Heydt was originally talking about characters being bland, unlikable, unsympathetic, or unengaging (or all of the above) to the point of generating apathy, but that's not the only reason a reader could stop caring. This means that there are a number of things to watch out for as you are writing your narrative:
Understand why the reader is most likely invested (or going to be invested) in your story. What people are looking for in a story can differ based on genre and story focus. If you are writing a romance but the romance never appears to go anywhere, eventually the reader will get bored and stop caring. Likewise, a horror story without scares will eventually cause a reader to walk away. The same goes for resets to a status quo - if one resets to the wrong status quo, one risks undoing a key element that kept the reader engaged, causing the reader to lose interest.
Give your characters plenty of character moments, particularly small ones. While the struggles of a protagonist against an equal or greater force of antagonism fuels the conflict of a story, it does not define who a character is - that is done by the character moments. While big character moments (such as reacting to a major setback, showing who the character really is) are necessary, these are by necessity few and far between. It is the little character moments that flesh out the character and make them "pop" - and by extension, make the reader care more about them, and these should happen fairly frequently.

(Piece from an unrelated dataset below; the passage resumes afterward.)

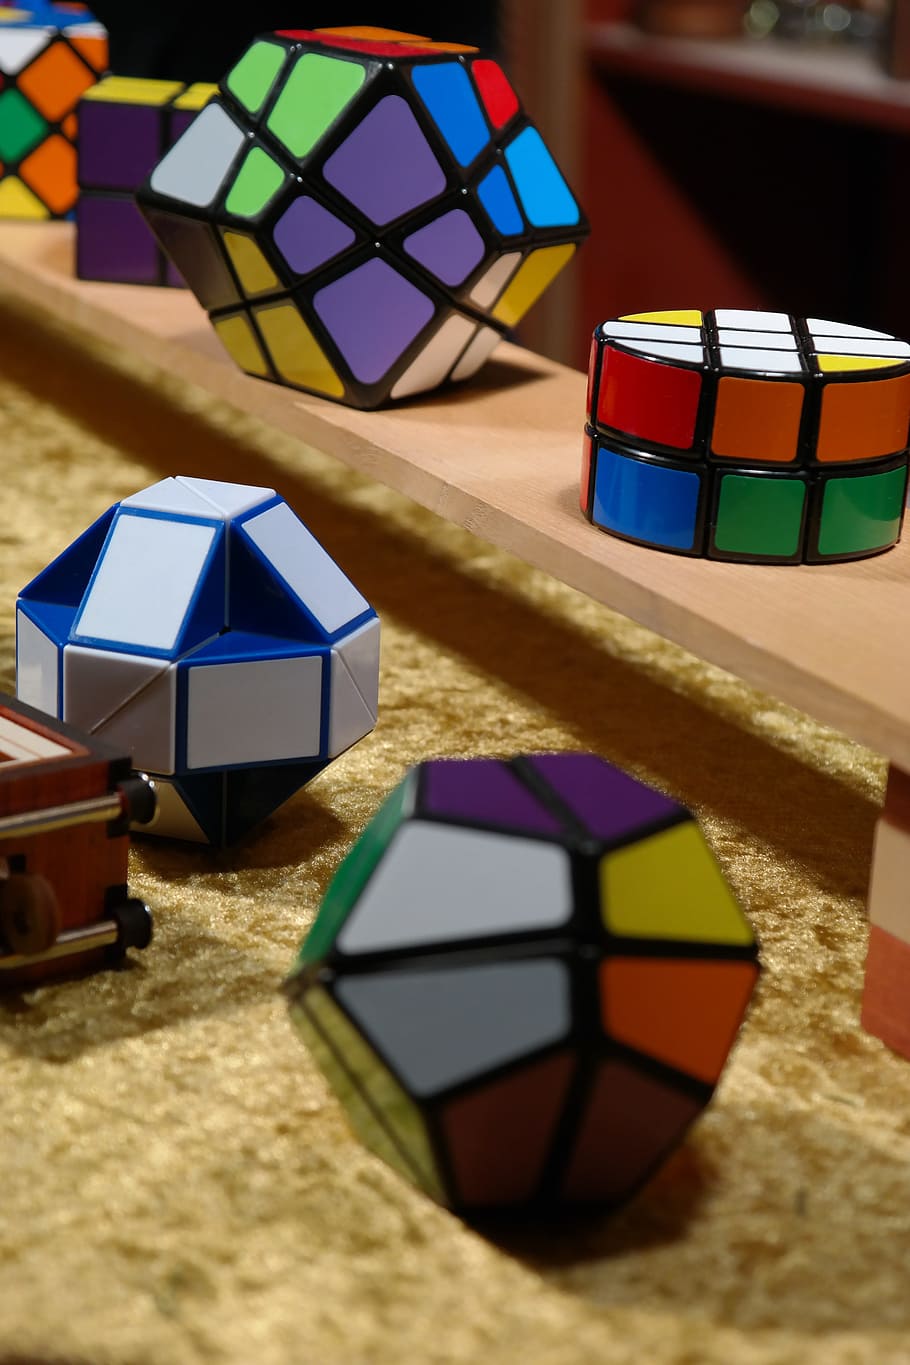 Magic Cube, Patience, Games, Puzzle, patience games, tricky, toys, puzzle piece, play, metal

Ensure that your characters are empathetic. The reader does not need to like or sympathize with your characters to care what happens to them (in fact, hating a character and wanting to see them get their just desserts IS caring about what happens to them). But, the reader does need to be able to understand where they are coming from. Their actions have to follow naturally from their circumstances and goals. If characters appear to act in a random fashion or are appearing to be doing things only because the story told them to (this is sometimes called "character derailment"), they feel artificial and unreal to the reader, and cease to be empathetic.
Ensure that the characters have a reason to hope. This is not to say that you can't write a tragedy, or a story in which everybody dies at the end. But, within that story, there must be hope spots for the characters - they should not be facing a never-ending conga line of trauma and loss. If there are no hope spots, there is a very real risk of the reader checking out just to avoid the unending misery.
Maintain suspension of disbelief. In a very real way, suspension of disbelief is a key mechanism for keeping a reader involved in the story. If it is broken, the shock of the break will pull the reader out of the story, and this can often include ceasing to care about what happens to the characters inside it. This does not mean that one cannot write stories that are outlandish, or crazy - fantasy is a genre that is filled to the brim with outlandish and crazy things, and these don't stop readers from maintaining their suspension of disbelief - but it does mean that one should avoid writing things that violate the established internal rules of the story, or come across as stupid or unbelievable within the confines of the story.
A really good example of this done right is a show by John Logan called Penny Dreadful. While it is a horror mashup with some truly bizarre elements, it avoids every single one of these traps. Almost every scene gives the characters small character moments, every character is empathetic (even when they do immoral or horrifying things), the scares and horror are present where they need to be, and once the internal rules of the story are set, they are never violated. The end result is a compelling story where one cares about what happens to every single character.